From Samurai To Playful Boy

About 40 years ago, I was on a hiking tour with a friend in early spring. The course went from the Gunma Prefecture side of Mt. Asama and crossed over to the Nagano Prefecture side through Onioshidashi. It was a strenuous climb and we rested often as we made our way step by step up the mountain. I particularly remember a point where we stopped and looked back on the path we had taken and gained new strength to press on.

It is necessary on our life journey as well to frequently stop along the way and look back on the path we have trod thus far in order to make sure we are on the right path.

I have been blessed over the past ten or fifteen years to have had several opportunities to look back over my life, at least as much as I could remember of it. Dividing our lives into seven-year segments, we were able to spend ample time remembering past events and experiences. Then we meditated on the things that abide deeply in our hearts and wrote them down. After time to reflect, we wrote one-page summaries of each seven-year segment based on these events and experiences. As I read through my summaries, several things became clear to me.

The first was the realization of how much I have received from so many people. I became aware that most of what I have, I have received from my father and mother, my grandfathers and grandmothers, my uncles and aunts, my teachers, my classmates, my acquaintances and my friends.

And then my eyes were opened to the realization that God, my compassionate heavenly Father, was the source of all of the gifts and thanksgiving welled up within my heart to the Lord who has blessed my life with so many good gifts.

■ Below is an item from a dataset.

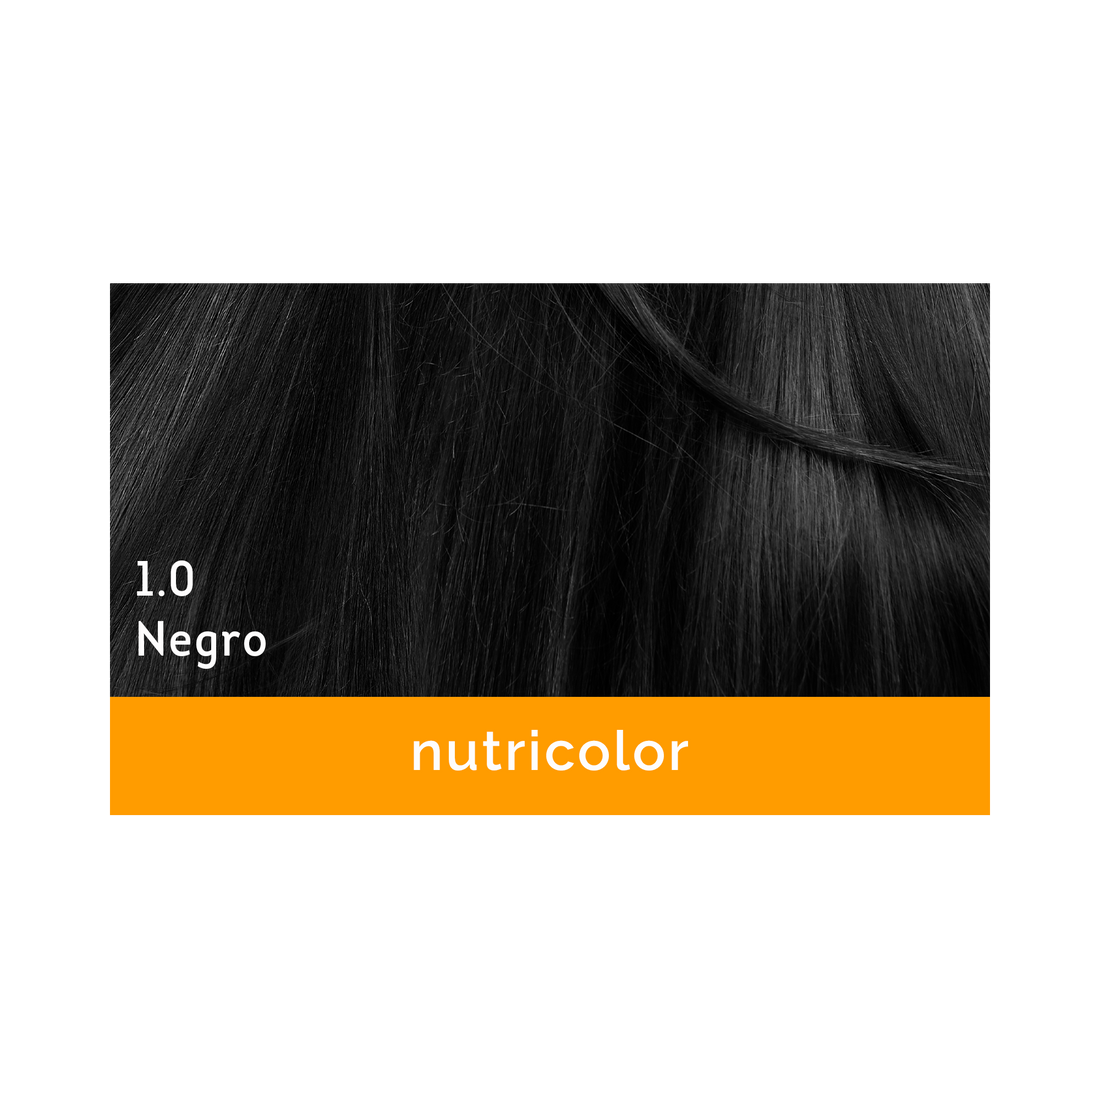 Biokap - Nutricolor - Tinte (Elegir color entre 15 diferentes tonos) El descuento se aplicara solo para el 10.0 Rubio  140 ml - ebeauty

Another thing that happened in the process of doing this exercise was becoming able to more clearly see the hand of the Sovereign God in my life. Through everything, the environment in which I was raised, the people I have encountered, the dreams of my youth, the setbacks, successes and failures, the stumbling that arose from my own deep sinfulness and foolishness, through it all, I came to see the sovereign guidance and mercy of God orchestrating my life. Being born in an zealous Buddhist home, being given the freedom and responsibility from an early age that come from being the oldest son in a family of eight children, my obsession with sports in my teens, meeting the friend who was instrumental in my becoming a Christian, the tension in my relationship with my parents in their opposition to my faith, straying during my university years and the various crises of faith. As I meditated on each of these things, the following Psalm came to have special meaning to me:

Praise the LORD, O my soul;
all my inmost being, praise his holy name.
Praise the LORD, O my soul;
and forget not all his benefits.
He forgives all my sins
and heals all my diseases;
He redeems my life from the pit
and crowns me with love and compassion.

Psalm 103:1-4

On one occasion after I had been through this reflection process a few times, there was a time for sharing what I had written with a few friends who had been doing the same exercise. We not only read what we had written to one another, but each member of the group was to listen carefully to what the others read and to think about a theme of growth or maturation they sensed, and then to summarize it in one comment. The pattern for the comment was, ‘I think that for you growth and maturation are from _______ to _______.’

After listening to my long life-story, one friend expressed his comment in this way, ‘I think that for you growth and maturity is from samurai to playful boy.’

At first, I was disconcerted at this unexpected response, but as I traced this theme carefully back through the words I had written, a deep resonance gradually rose up within my heart. It is true that from the time I was small I had lived in the world of winning and losing. My natural way of relating was to compare and to compete with others. It was not so much a matter of being overly serious as it was of knitting my brow with Eeyore-like gloominess; I was rarely ever able to freely express my true emotions.

From that moment, a desire was born in my heart, ‘I want to be able to relax more and to become a person who enjoys meeting people and savors fellowship with my friends. I want to be able to express my feelings in a natural way.’